*** MATERIAL PROVIDED ***

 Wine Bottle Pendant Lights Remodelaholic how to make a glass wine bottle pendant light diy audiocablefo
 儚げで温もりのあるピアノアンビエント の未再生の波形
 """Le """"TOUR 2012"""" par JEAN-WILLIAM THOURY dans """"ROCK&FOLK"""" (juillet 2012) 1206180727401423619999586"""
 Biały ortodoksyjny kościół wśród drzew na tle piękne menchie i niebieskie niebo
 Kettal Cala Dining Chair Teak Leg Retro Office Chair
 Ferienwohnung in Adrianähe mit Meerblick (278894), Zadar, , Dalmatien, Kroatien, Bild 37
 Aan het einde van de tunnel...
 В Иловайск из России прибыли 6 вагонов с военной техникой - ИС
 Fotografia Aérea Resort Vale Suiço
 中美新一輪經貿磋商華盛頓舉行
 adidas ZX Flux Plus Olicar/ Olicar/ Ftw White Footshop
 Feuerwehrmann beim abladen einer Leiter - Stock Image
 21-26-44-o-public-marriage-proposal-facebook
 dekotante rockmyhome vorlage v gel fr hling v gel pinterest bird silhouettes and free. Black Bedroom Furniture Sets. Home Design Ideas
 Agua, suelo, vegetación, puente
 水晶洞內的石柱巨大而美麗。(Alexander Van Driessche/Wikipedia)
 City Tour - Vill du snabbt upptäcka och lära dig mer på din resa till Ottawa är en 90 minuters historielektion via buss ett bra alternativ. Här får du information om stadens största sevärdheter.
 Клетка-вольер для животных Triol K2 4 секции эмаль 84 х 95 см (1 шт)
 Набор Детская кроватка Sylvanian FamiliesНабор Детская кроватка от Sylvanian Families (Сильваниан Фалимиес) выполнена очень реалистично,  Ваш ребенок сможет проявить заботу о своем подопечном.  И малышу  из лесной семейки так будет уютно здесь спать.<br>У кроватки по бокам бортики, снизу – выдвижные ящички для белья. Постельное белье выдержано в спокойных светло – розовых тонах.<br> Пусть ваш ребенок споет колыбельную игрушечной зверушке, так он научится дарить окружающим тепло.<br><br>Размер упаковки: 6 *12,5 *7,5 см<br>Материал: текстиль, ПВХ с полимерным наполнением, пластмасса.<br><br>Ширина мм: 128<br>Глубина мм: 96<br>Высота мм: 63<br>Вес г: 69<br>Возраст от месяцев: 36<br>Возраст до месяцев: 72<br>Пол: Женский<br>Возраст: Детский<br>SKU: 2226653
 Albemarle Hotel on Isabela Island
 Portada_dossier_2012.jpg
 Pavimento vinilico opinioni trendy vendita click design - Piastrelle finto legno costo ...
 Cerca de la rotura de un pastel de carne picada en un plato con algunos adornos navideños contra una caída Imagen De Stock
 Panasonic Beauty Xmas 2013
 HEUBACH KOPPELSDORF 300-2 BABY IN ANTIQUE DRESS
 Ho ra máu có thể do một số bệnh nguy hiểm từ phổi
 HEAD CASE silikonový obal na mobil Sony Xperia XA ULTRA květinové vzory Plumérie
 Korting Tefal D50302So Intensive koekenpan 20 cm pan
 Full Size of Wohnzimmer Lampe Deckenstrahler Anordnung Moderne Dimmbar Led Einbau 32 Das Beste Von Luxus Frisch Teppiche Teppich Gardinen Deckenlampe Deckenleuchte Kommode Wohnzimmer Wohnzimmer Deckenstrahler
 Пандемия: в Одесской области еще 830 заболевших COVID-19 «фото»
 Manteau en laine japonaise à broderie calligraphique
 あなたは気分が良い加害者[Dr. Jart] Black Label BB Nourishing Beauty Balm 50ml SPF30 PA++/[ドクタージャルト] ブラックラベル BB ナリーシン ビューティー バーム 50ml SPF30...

***

- _HOW TO COMPLETE THIS TASK_
Read through the entries above and copy each line that has the string "Black" in it.

- _ANSWER SECTION_
 dekotante rockmyhome vorlage v gel fr hling v gel pinterest bird silhouettes and free. Black Bedroom Furniture Sets. Home Design Ideas
 あなたは気分が良い加害者[Dr. Jart] Black Label BB Nourishing Beauty Balm 50ml SPF30 PA++/[ドクタージャルト] ブラックラベル BB ナリーシン ビューティー バーム 50ml SPF30...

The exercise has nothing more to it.